The author believes that the battle over whaling has grown more acrimonious principally because Japan has become a more belligerent advocate for the resumption of commercial whaling. Tensions have also mounted over the harassment of the Japanese whaling fleet by eco-activists determined to disrupt the annual hunt. Ironically, Morikawa argues, the Sea Shepherd’s confrontational tactics have enabled the Japanese government to rally domestic support for a program that has otherwise aroused little enthusiasm among Japanese.

While there is talk of a compromise that would involve Japan concentrating on coastal whaling, there is concern on the Japanese side that making concessions on whaling in distant waters might be a first step toward restrictions on its far more important global fisheries industry. Recent efforts to limit the catch of endangered Atlantic blue-fin tuna have set off alarm bells in Japan, which does not bode well for a deal on whaling.

How has whaling come to be used as a talismanic symbol of Japanese identity and a touchstone of nationalism? Morikawa excels in debunking some of the myths frequently served up to justify the industry. Whaling advocates claim that the practice itself and consumption of whale meat are deeply embedded traditions in Japan, and assert that anti-whaling activists are guilty of cultural imperialism. Morikawa counters that modern commercial whaling bears little resemblance to the small-scale subsistence whaling that, until the dawn of the 20th century, was limited to certain coastal regions.

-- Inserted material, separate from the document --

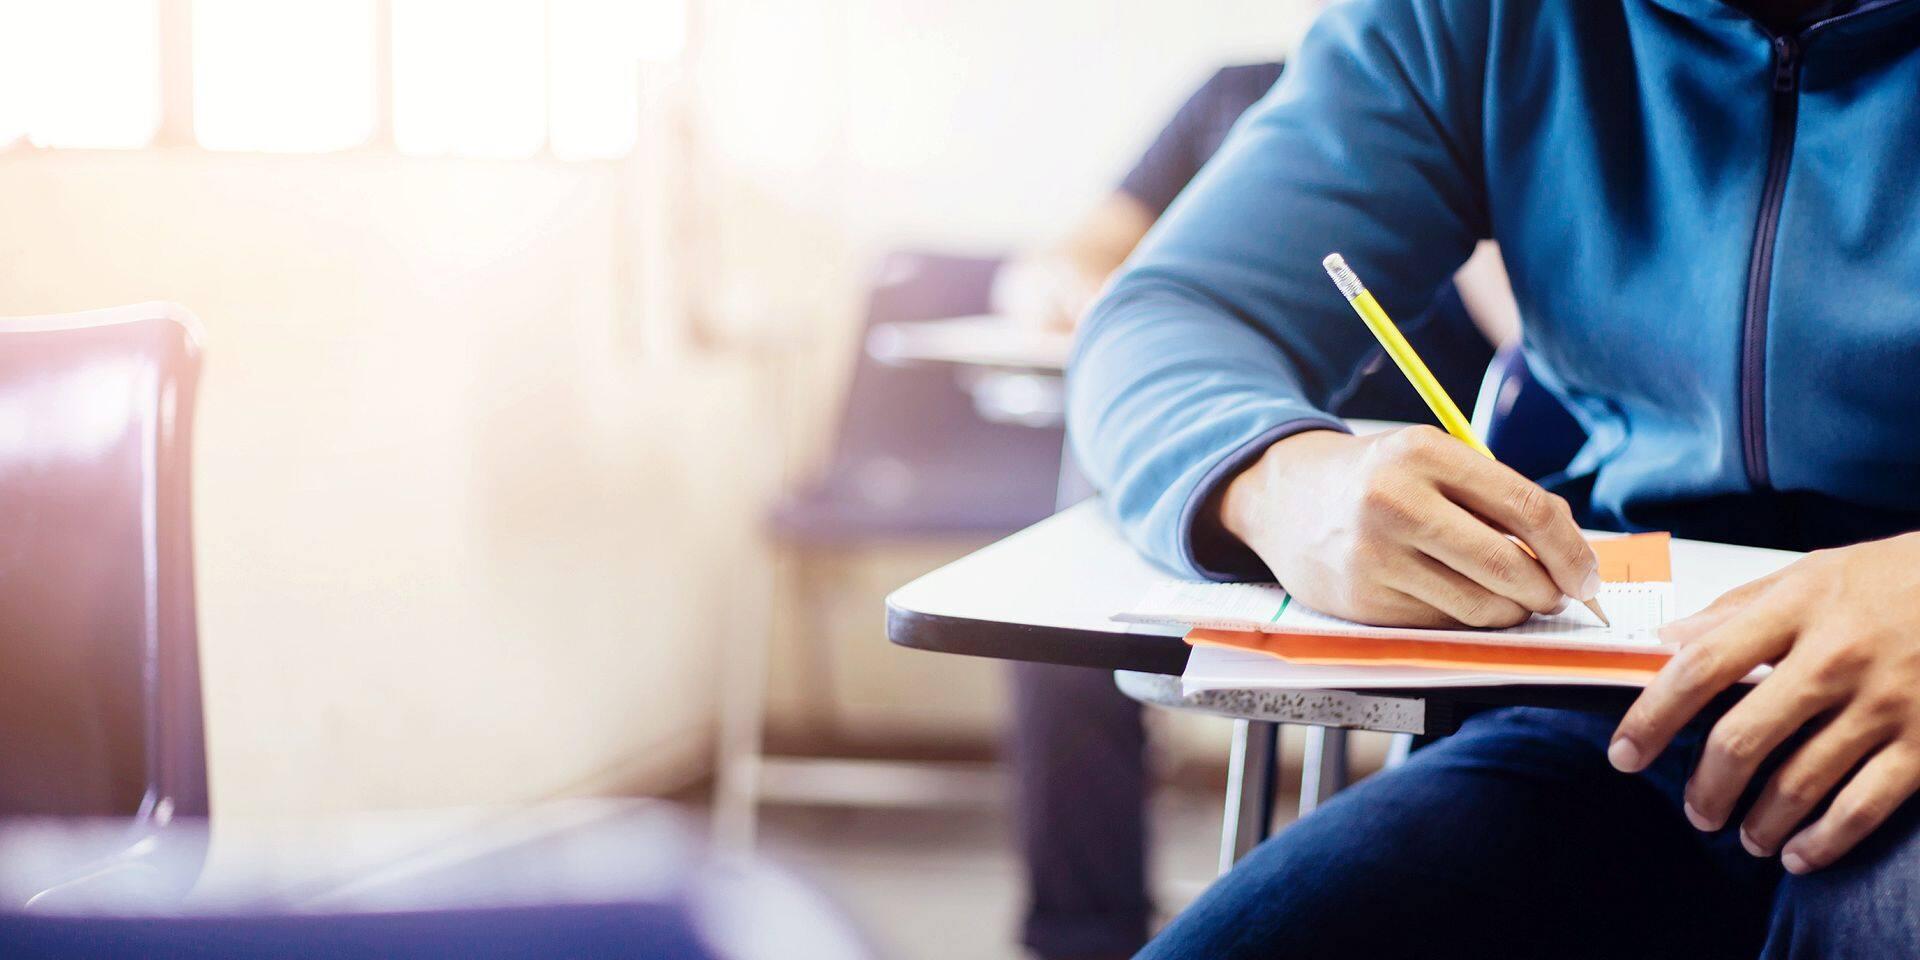 L'école libre introduit un recours contre l'inégalité des réseaux

Japan’s whale-eating culture was also very limited in scope and, according to Morikawa, is “an invented tradition, only lasting 20 years from the end of WWII to the early 1960s.” During the U.S. occupation, whale meat became part of the national school lunch program, explaining why Japan’s aging baby boomers evince a nostalgic nationalism over the issue.

The author draws our attention to the ICR-orchestrated media campaign aimed at convincing Japanese that whaling is part of their national identity. The ICR also tries to spur whale consumption, but to little avail. A major problem for whaling advocates is that Japanese consumers are not buying even heavily subsidized whale meat; one third of the meat harvested through “scientific research” remains unsold. This means that the proceeds from selling the meat do not cover the costs of conducting the whaling.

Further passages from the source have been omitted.